Years ago, when I worked as an immigration inspector at JFK Airport, I would sometimes encounter celebrities that would come through my line. The first one I remembered was Joan Collins. People I mentioned this too asked me if I remembered what her actual birth date was from looking at her passport, but I didn’t pay it much mind. She was very well dressed and seemed very polite and proper.
Among the other celebrities I had pass through my line were Sting, Geoffrey Rush, George Clinton, Sally Jesse Rafael and Brian Cox. I also met the Jon Spencer Blues Explosion, who were very nice. When I told Graham “Suggs” McPherson, singer of the band Madness, that I liked his music, he replied, “You have a good memory.”
But by far and away the best celebrity encounter I had at JFK Airport was the actor Geoffrey Holder.
Working at JFK Airport was actually a big drag. Things changed a lot after the September 11 attacks, so I can’t attest to what the job is like today. But the pre-September 11 era was a miserable place where inspectors often worked seven days straight and could be held for mandatory overtime with no notice given.
I was so unhappy working at JFK that I lived in a state of near permanent miserable anger. Any sign of other people’s happiness made me immediately angry and resentful.
I was coming to tend of my day at the old T.W.A. terminal, thinking that the most recent flight was done processing and I could prepare to go home. I was still in my booth when I noticed people from the airline wheeling a passenger in a wheelchair directly towards my booth. The passenger was singing.

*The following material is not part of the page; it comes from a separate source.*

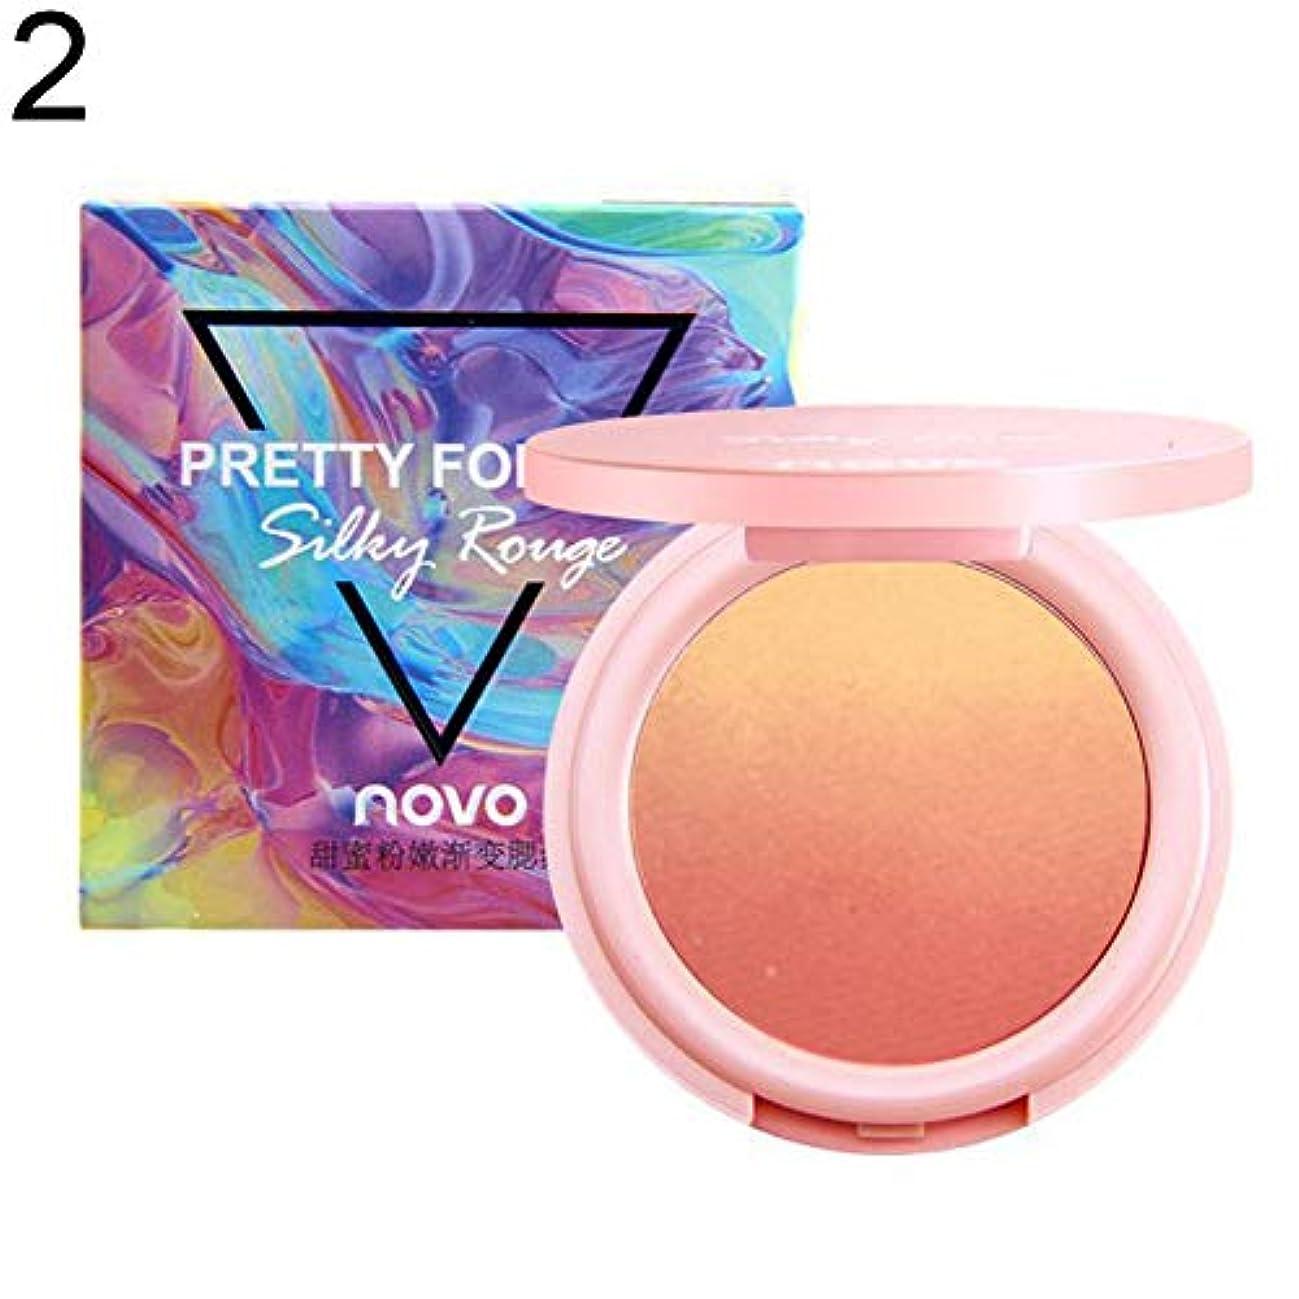 スカーフプレミア練習したNOVOプロ2色フェイスブラッシャーパウダー長続きがする明るく頬化粧品 - 2#

‘What kind of horrible freak are they bringing me,’ I thought to myself—indeed, my resentment of all things happy even extended to the elderly and disabled.
The airline escort wheeled the passenger into my booth and he put his paperwork on my counter. He was a green card holder from Trinidad and once I saw his name I knew exactly who he was: Geoffrey Holder.
Geoffrey Holder spent most of his long entertainment career on stage as a dancer, actor and director. He was one of the lead actors in the first all-black production of ‘Waiting for Godot,’ a choreographer for the famed Alvin Ailey American Dance Company, a Tony-Award winning costume designer and successful painter. He was the bodyguard Punjab in the 1982 version of ‘Annie’ and may be best known for 7-Up commercials he made in the 1980s. He was characterized by his height (he was six-foot-six) and his deep, Caribbean voice.
Geoffrey Holder was also one of the best James Bond villains in history, playing Baron Semedi in the 1973 Bond film ‘Live and Let Die.’ Being a Bond villain counts as movie royalty in my book.
“Are you the actor?” I asked him.
“Yes.”
“Well it’s very nice to meet you. I’ve very much enjoyed your work.”
“Thank you. And thank you for paying my rent,” he said, and then let out a big and sincere booming laugh that I couldn’t help but share with him.
Our business together was finished quickly. I stamped his documents and handed them back to him or the airline employee who was escorting him. He thanked me, said, “God bless you.” And then was on his way. It was an encounter that changed my mood and brightened my whole day, and is one of the fondest memories I have of working at the airport.
Geoffrey Holder passed away this past week from complications attributed to pneumonia. He was 84 years old. He was remembered for his many contributions to the stage and screen; Broadway theaters dimmed their lights in his memory.
New York is packed with celebrities, and the cool thing to do is pretend to not notice them and then tell all your friends about seeing them later. I had many New York celebrity sightings before and since, but Geoffrey Holder will always be my favorite and best.